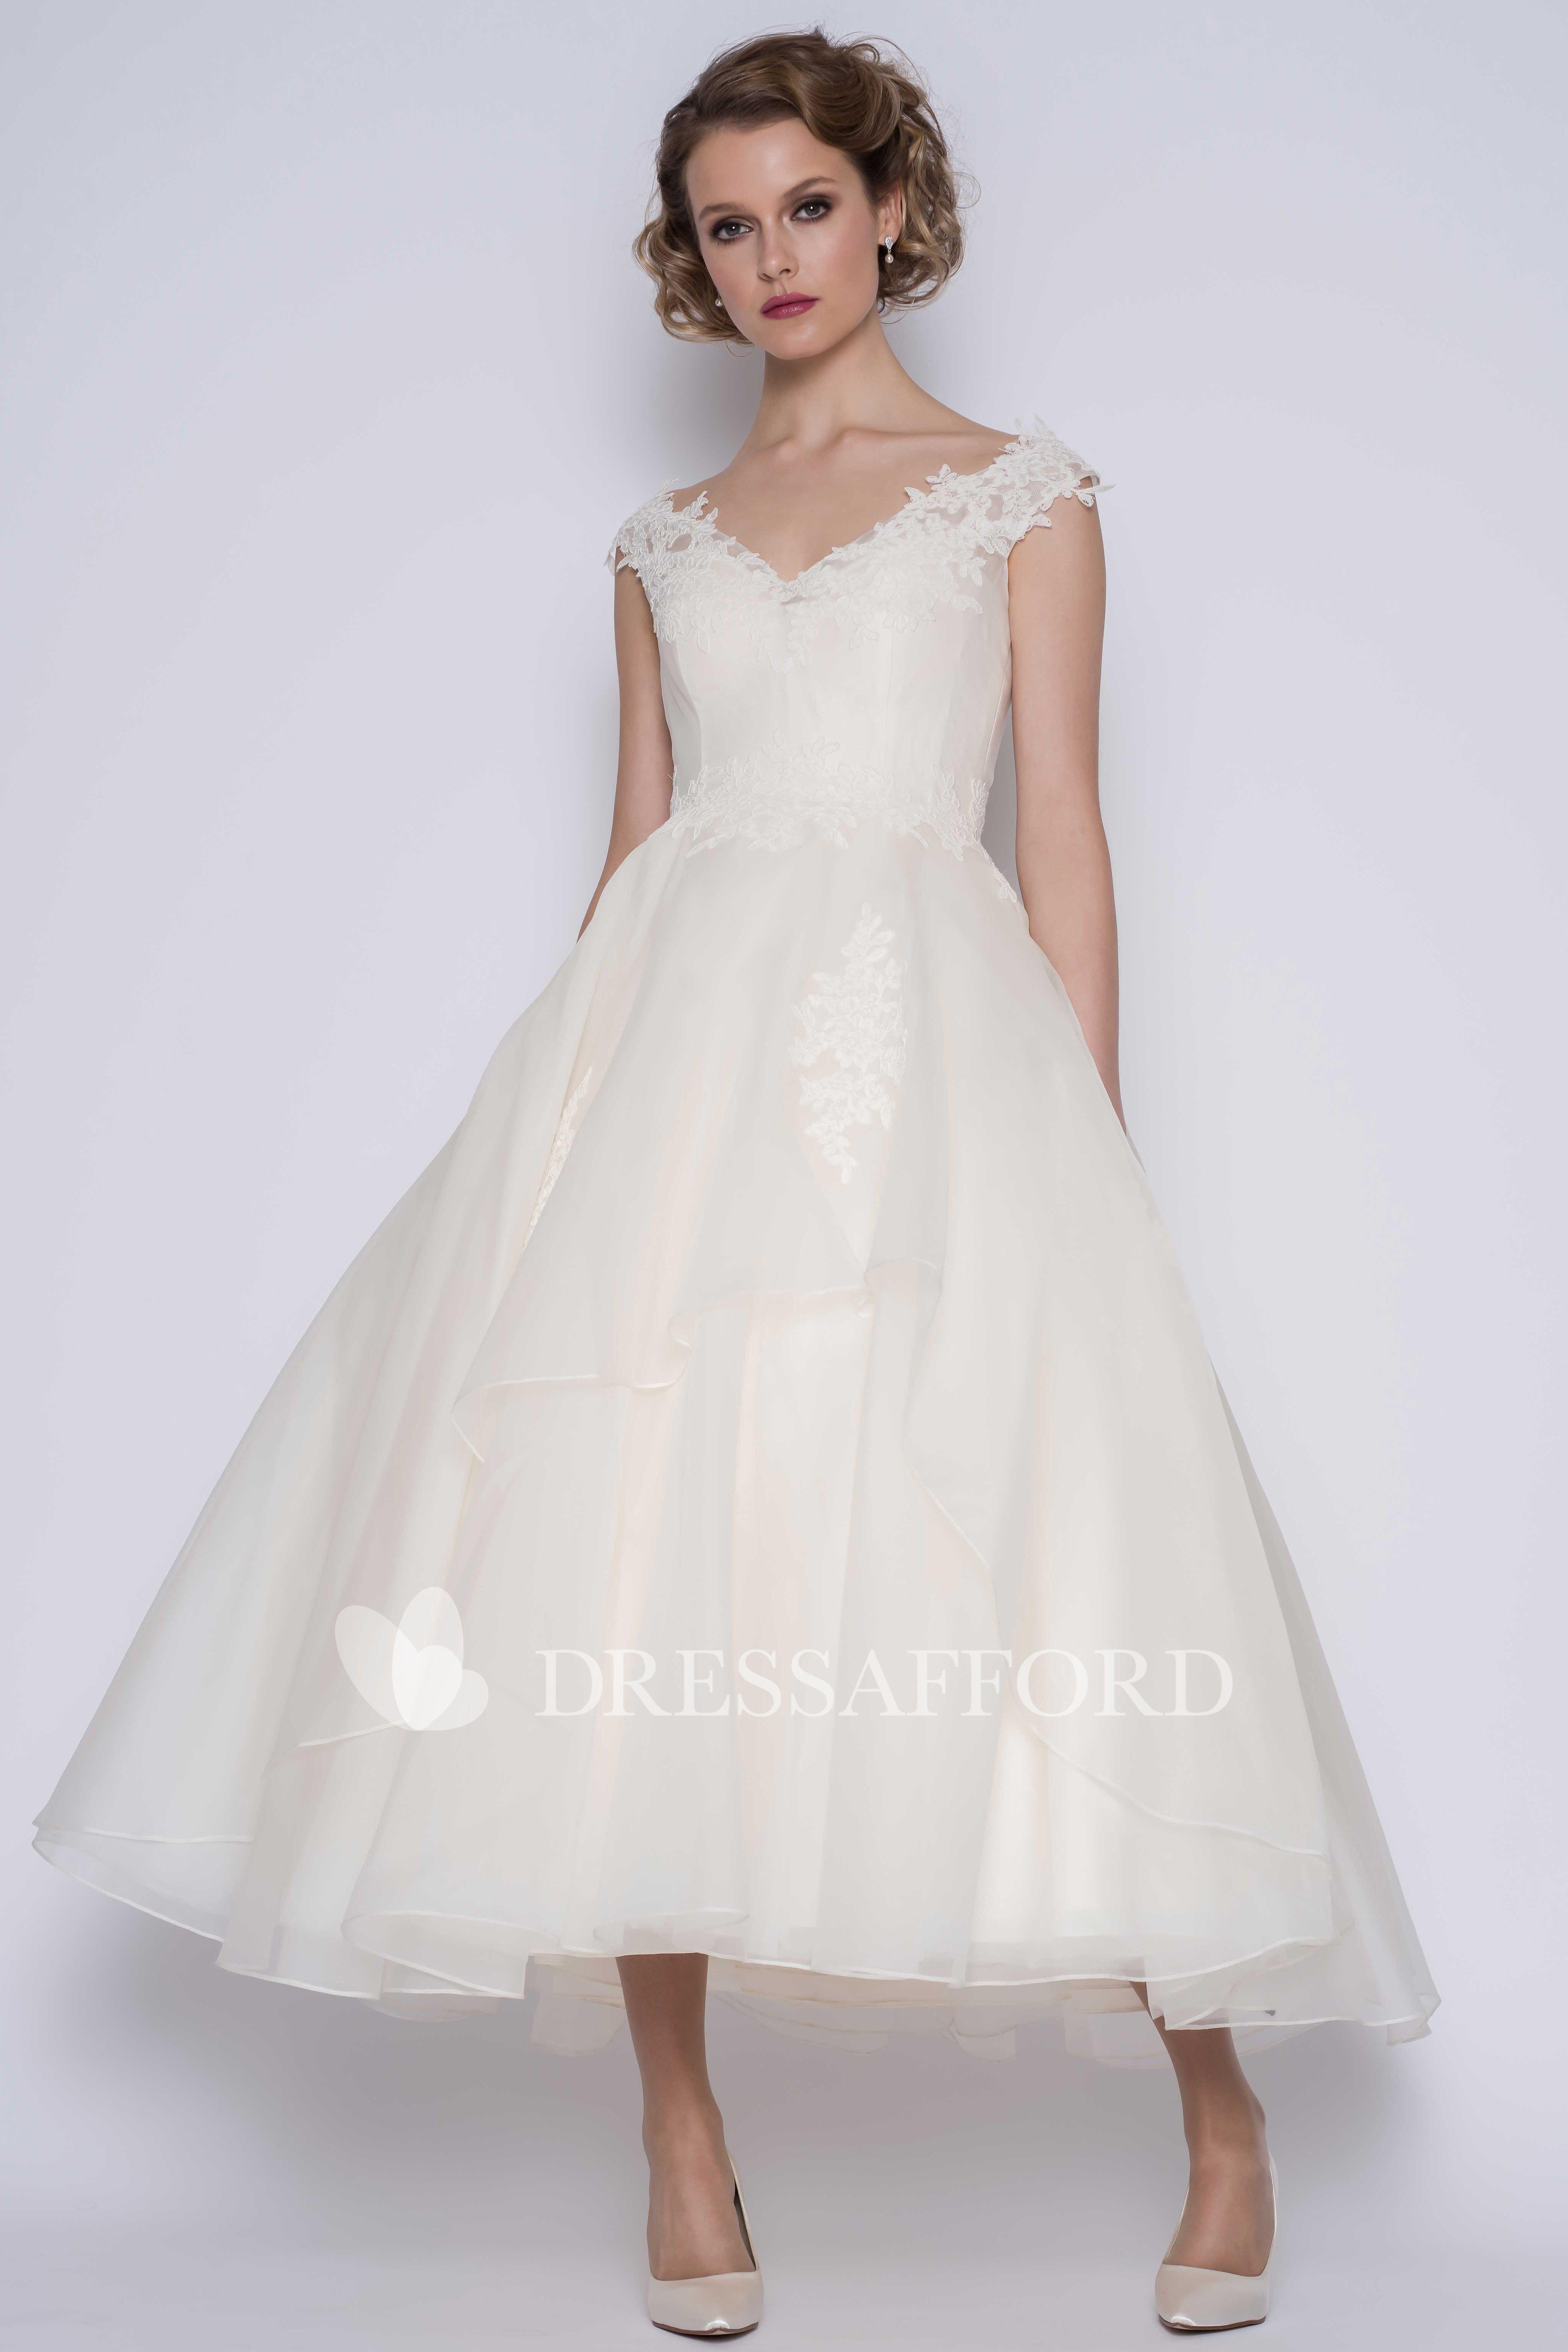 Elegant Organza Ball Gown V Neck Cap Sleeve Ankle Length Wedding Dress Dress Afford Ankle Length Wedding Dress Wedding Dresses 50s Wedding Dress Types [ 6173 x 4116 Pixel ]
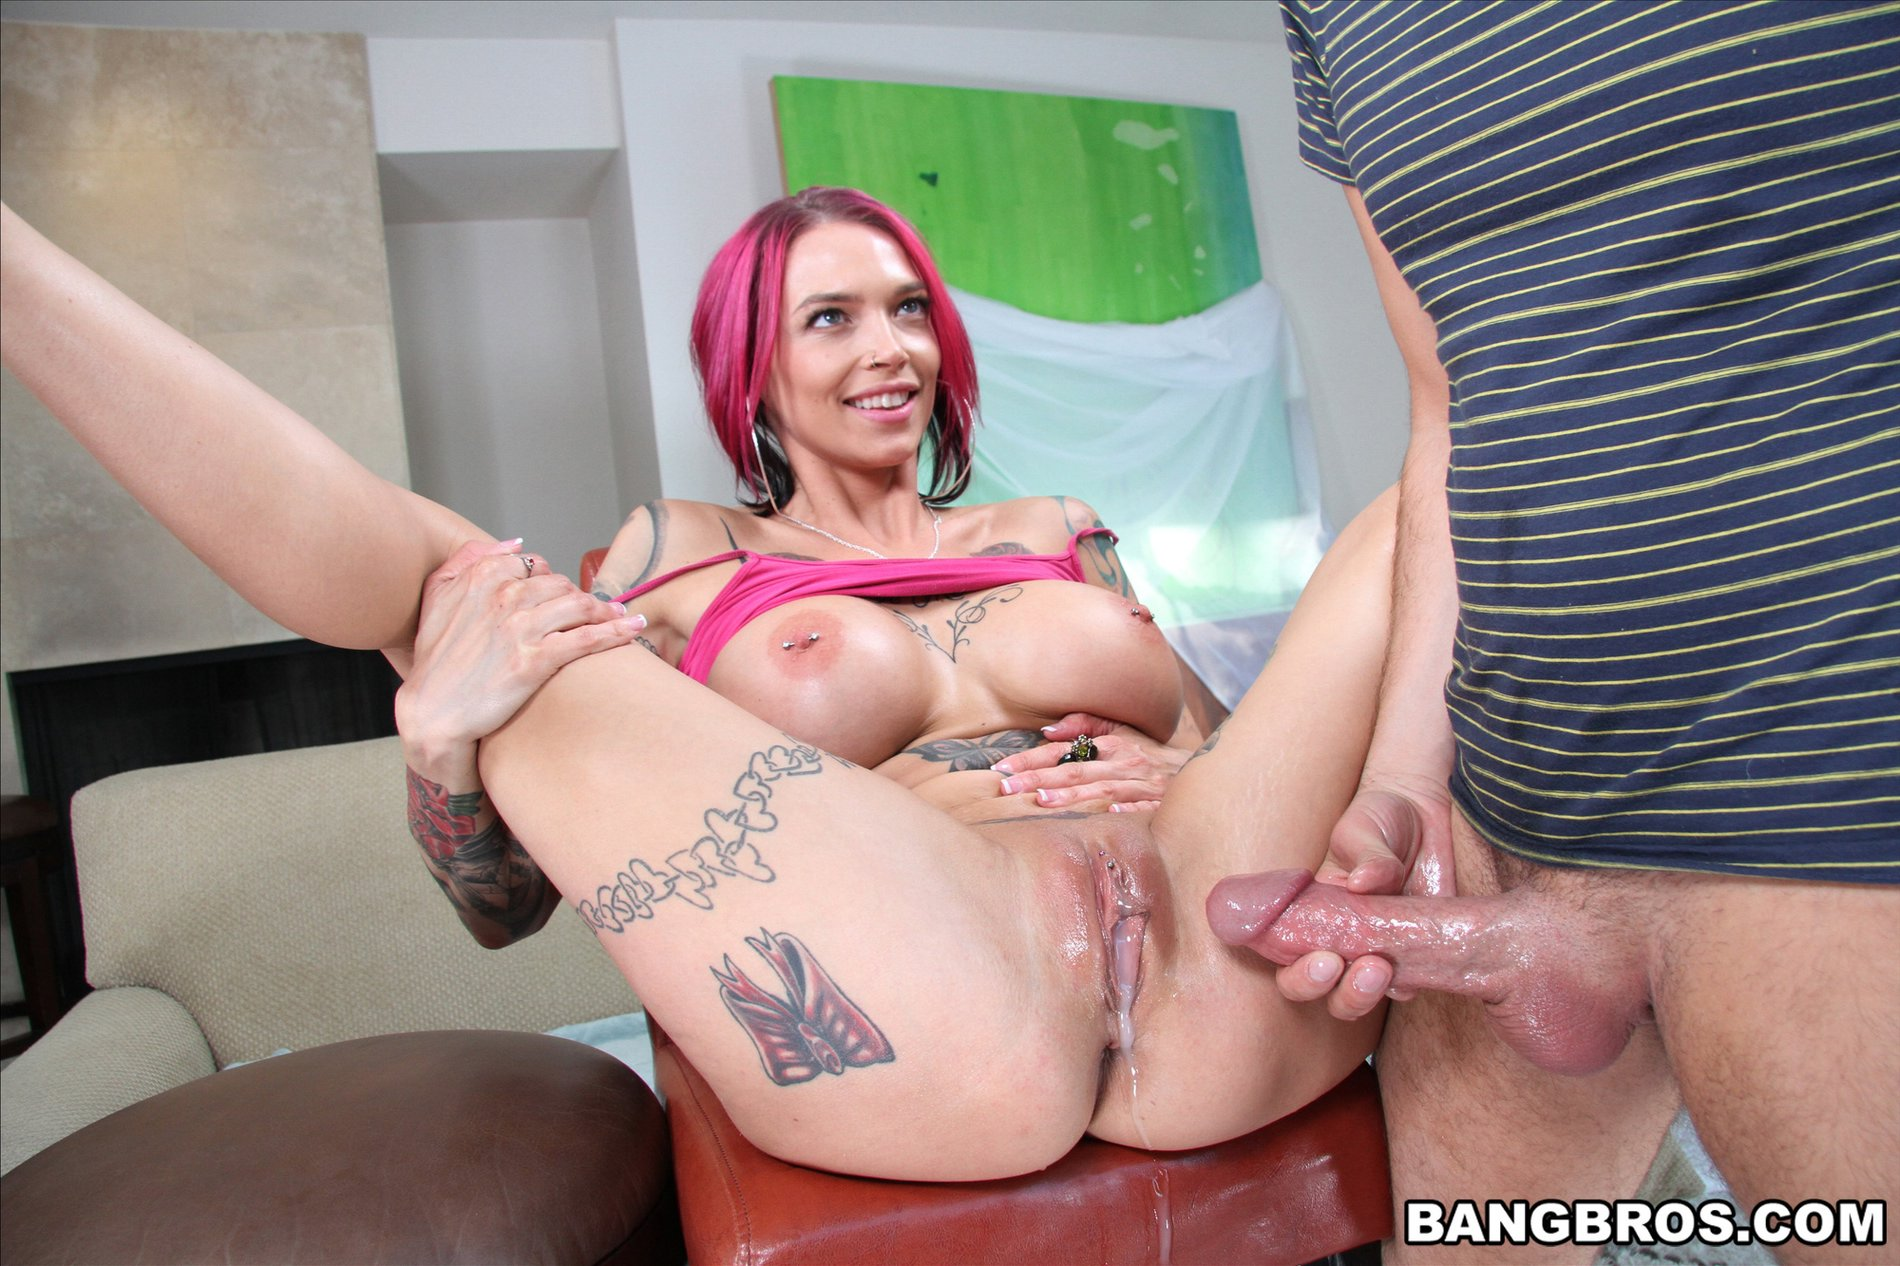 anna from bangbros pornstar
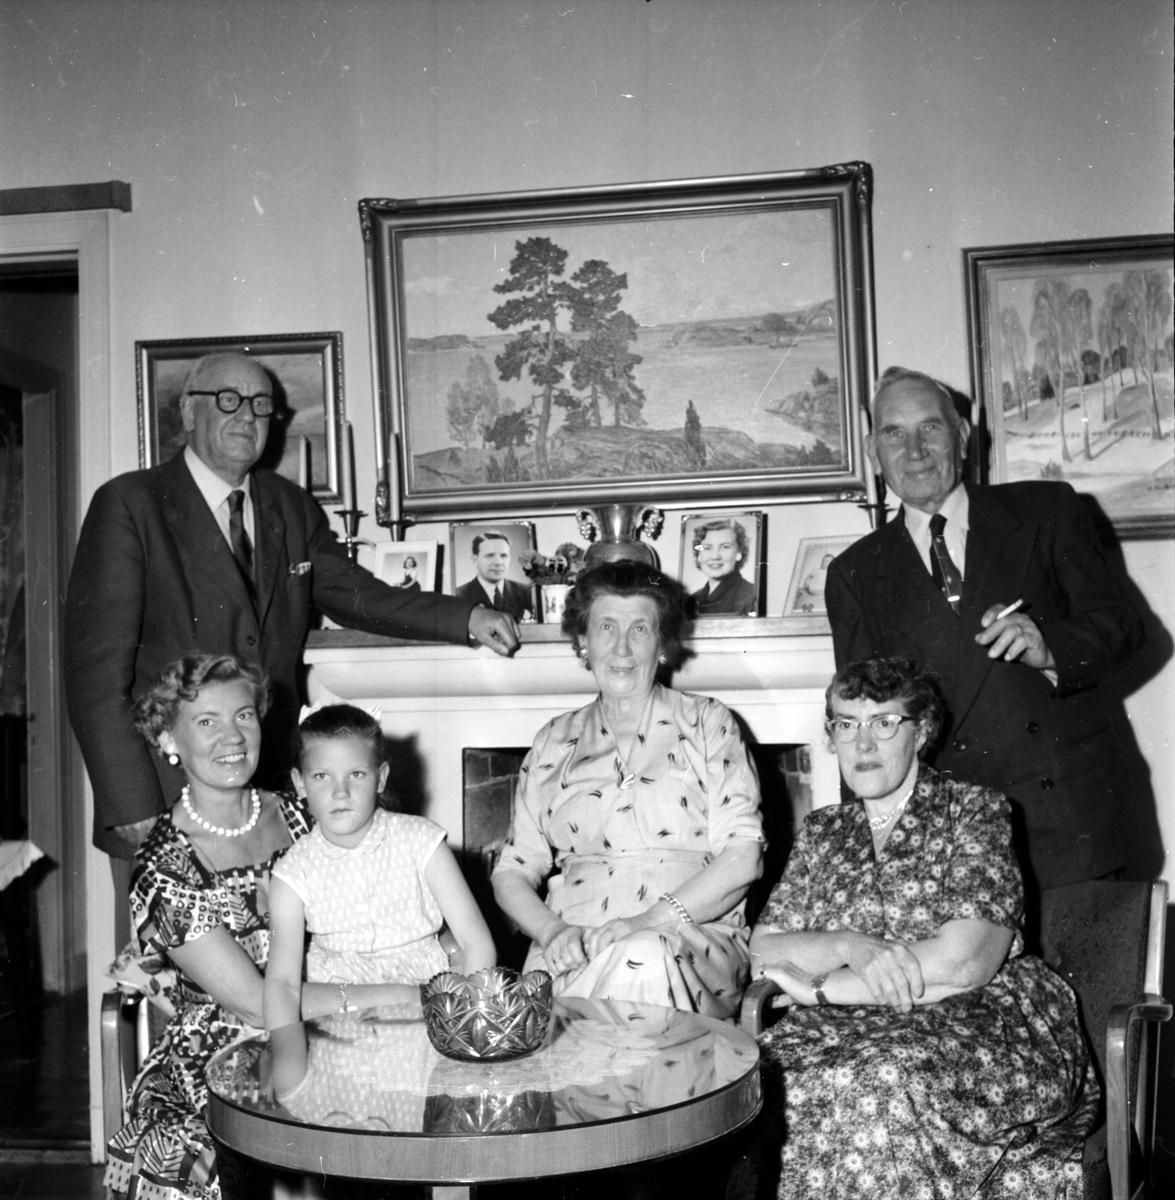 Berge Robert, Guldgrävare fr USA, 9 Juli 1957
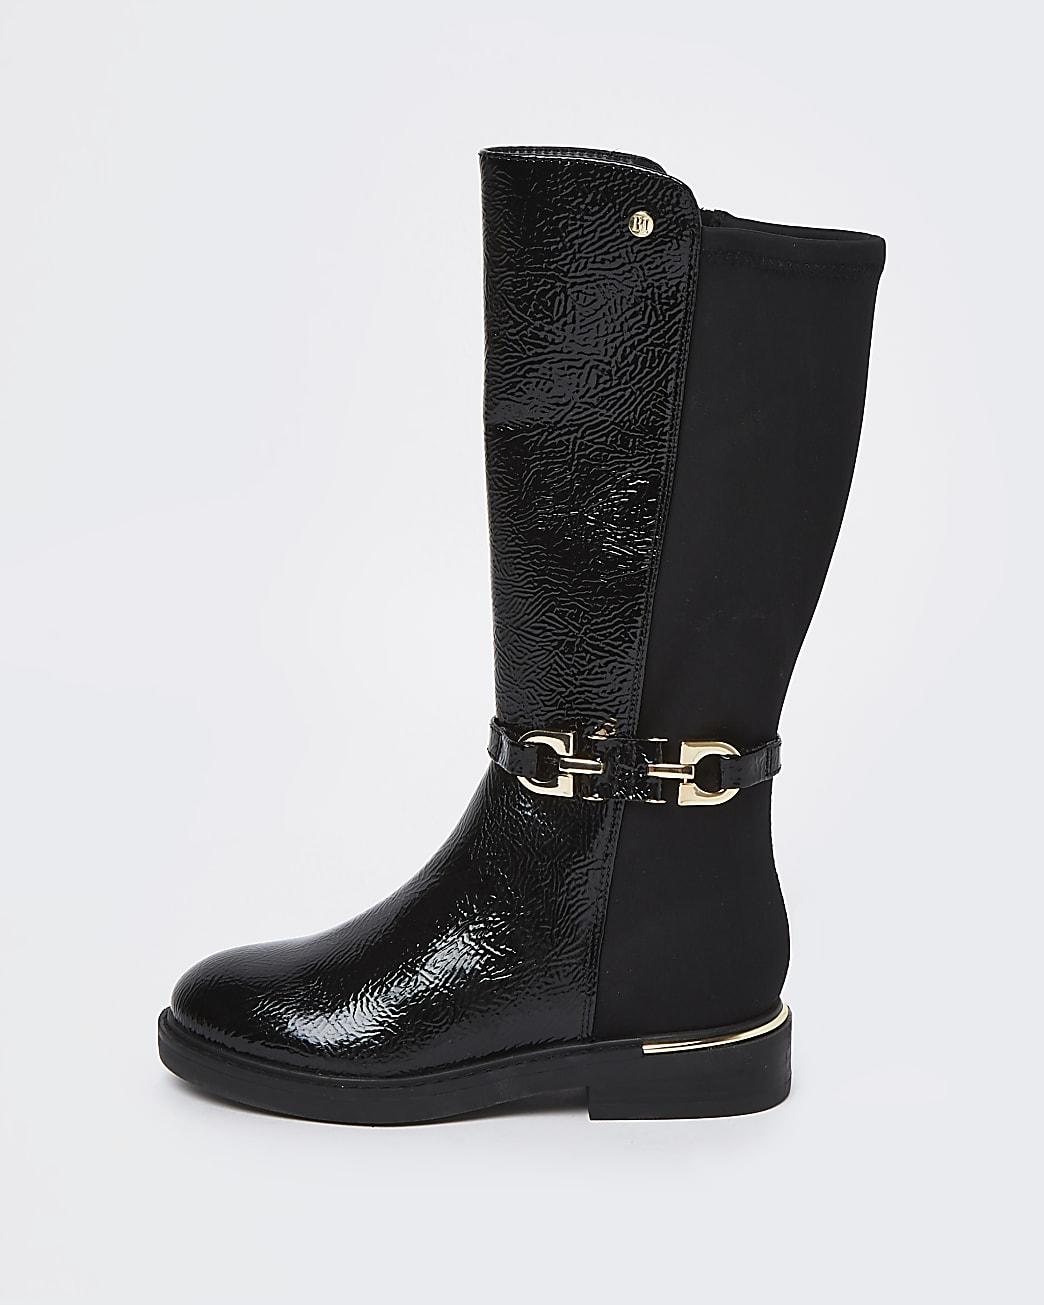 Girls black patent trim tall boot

------------

Problem to work on
An exact transcript is required, covering the lines from the one containing "anna from bangbros pornstar" through the end of the listing above, inclusive, without pictures.

Solution to the problem
 anna from bangbros pornstar
 Berge Robert, Guldgrävare fr USA, 9 Juli 1957
 Girls black patent trim tall boot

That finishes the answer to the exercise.